UnschoolingDiscussion—Commitments, 2006
photo by Sandra Dodd
of Marty Dodd at 9 years old.
He finished the season, but didn't want to return because of the pressure other kids' dads were putting on them to WIN and to be aggressive.

Monday, October 6, 2025

Quickly but gradually...

Instead of just going from lots of control to "do whatever you want," a really sweet way to do it is quickly but gradually. Quickly in your head, but not all of a sudden in theirs. Just allow yourself to say "okay" or "sure!" anytime it's not really going to be a problem.
If something isn't going to hurt anything (going barefoot, wearing the orange jacket with the pink dress, eating a donut, not coming to dinner because it's the good part of a game/show/movie, staying up later, dancing) you can just say "Okay."

And then later instead of "aren't you glad I let you do that? Don't expect it every time," you could say something reinforcing for both of you, like "That really looked like fun," or "It felt better for me to say yes than to say no. I should say 'yes' more," or something conversational but real.

The purpose of that is to help ease them from the controlling patterns to a more moment-based and support-based decision making mindset. If they want to do something and you say yes in an unusual way (unusual to them), communication will help. That way they'll know you really meant to say yes, that it wasn't a fluke, or you just being too distracted to notice what they were doing.

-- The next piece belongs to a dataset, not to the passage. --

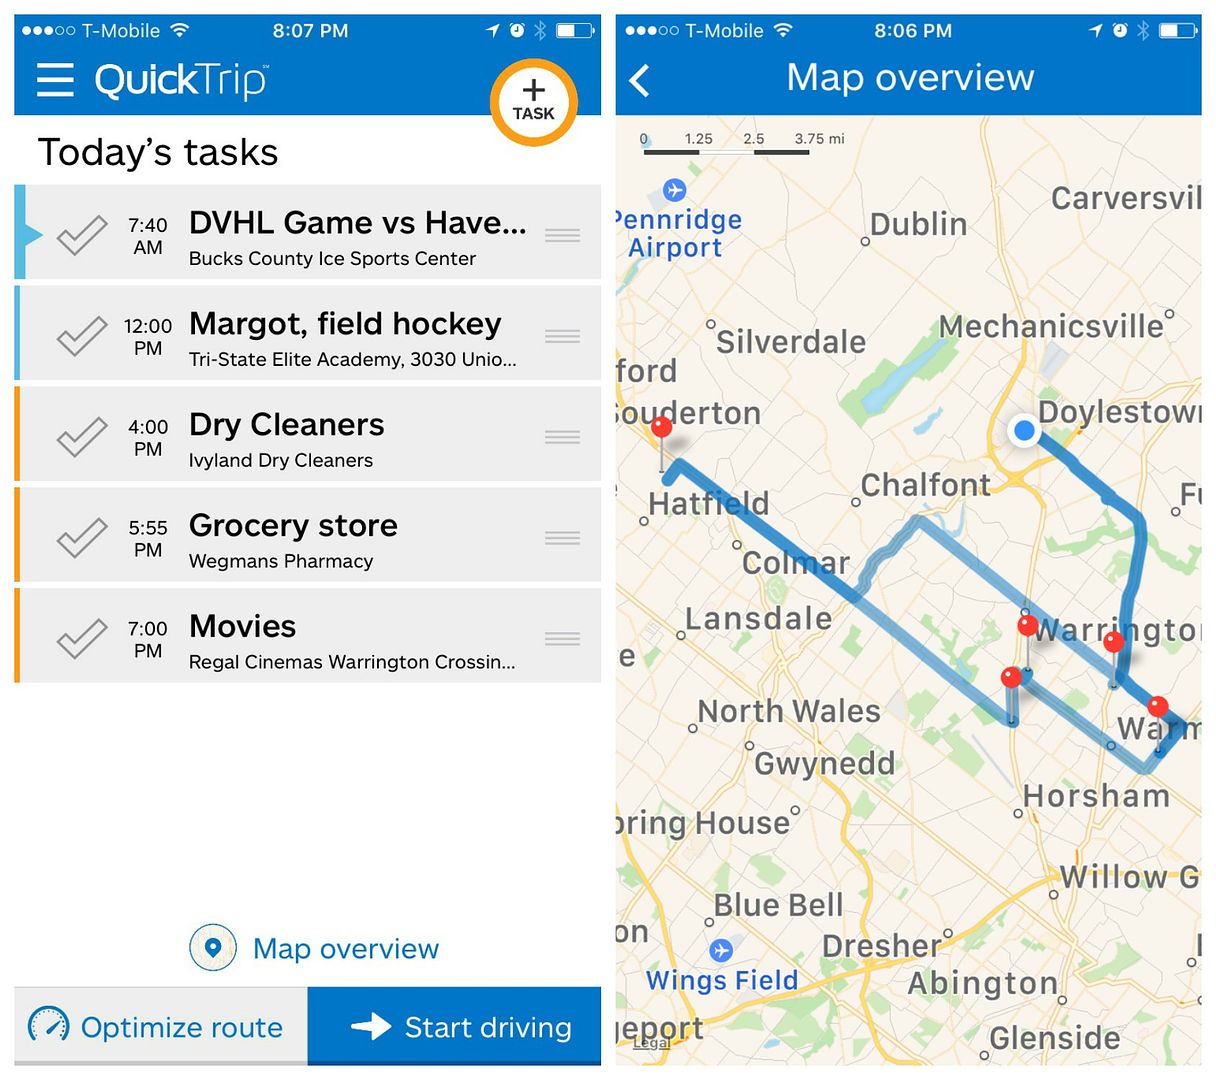 La aplicación QuickTrip optimiza tu lista de tareas pendientes y te ofrece las rutas más inteligentes para ayudarte a ahorrar tiempo
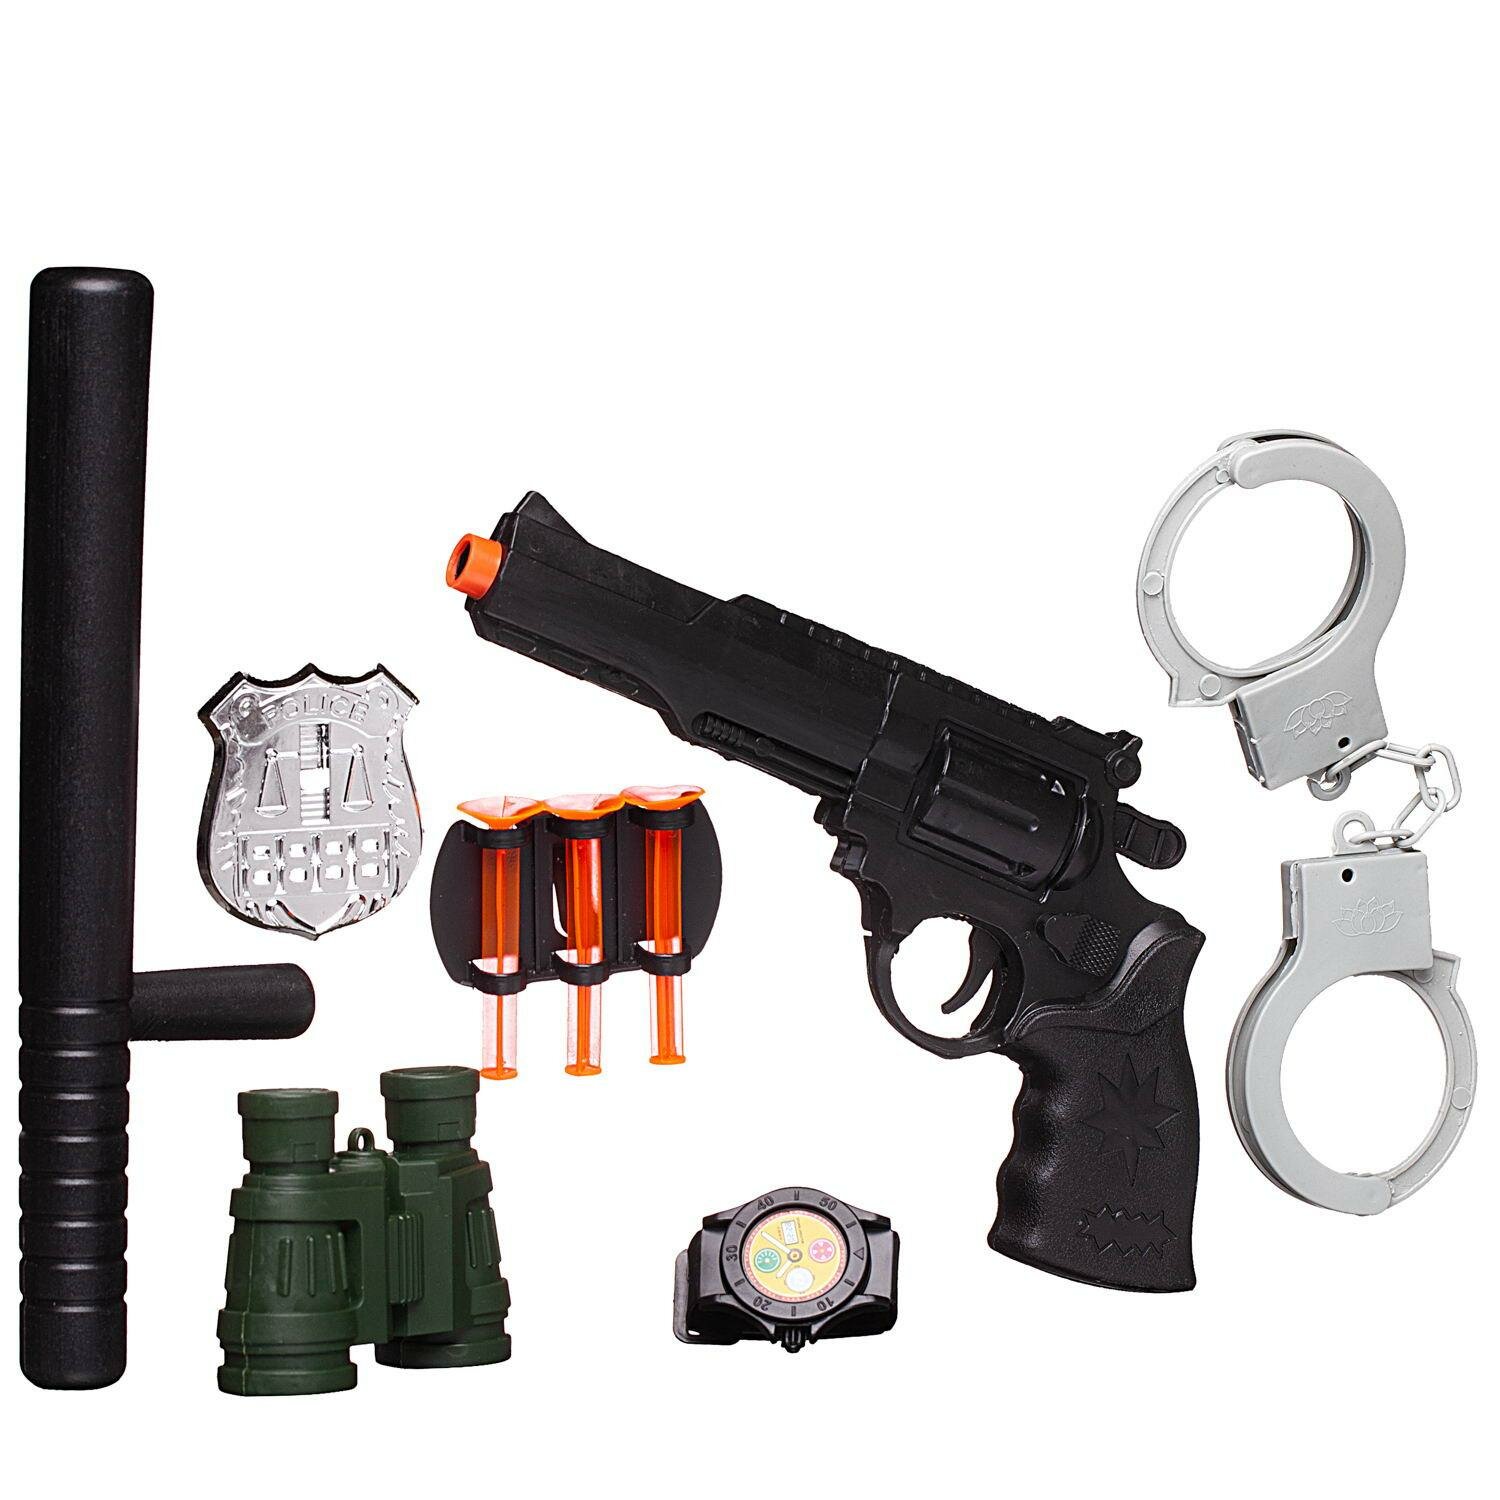 Игровой набор Junfa Полиция 10 предметов, на блистере 338-04-no

SandraDodd.com/eating/control.html
photo by Cátia Maciel

Sunday, September 28, 2025

Look directly; join in

Karen James wrote:

When you look at your children, see *them*, not the ideas of peace, joy, success or failure. Notice what your children are engaged in. Join them when you can. If one of your children is cutting paper, quietly join in, even if only for a moment. When another child is playing Lego on the floor, get down there and put a few pieces together with her. One girl is drawing, do some doodles. One girl is playing Minecraft, notice what she's building. Ask her about it (if your question doesn't interrupt her). As you join your children you will begin to get a sense for what they enjoy. Build on what you learn about them.
Karen listed two links, in the post quoted above:
SandraDodd.com/breathing
and
SandraDodd.com/badmoment
photo by Cátia Maciel

Saturday, August 9, 2025

Be the safest place

Instead of requiring that my kids had to hold my hand in a parking lot, I would park near a cart and put some kids in right away, or tell them to hold on to the cart (a.k.a. "help me push", so a kid can be between me and the cart). And they didn't have to hold a hand. There weren't enough hands. I'd say "Hold on to something," and it might be my jacket, or the strap of the sling, or the backpack, or something.

I've seen other people's children run away from them in parking lots, and the parents yell and threaten. At that moment, going back to the mom seems the most dangerous option.

Make yourself your child's safest place in the world, and many of your old concerns will just disappear.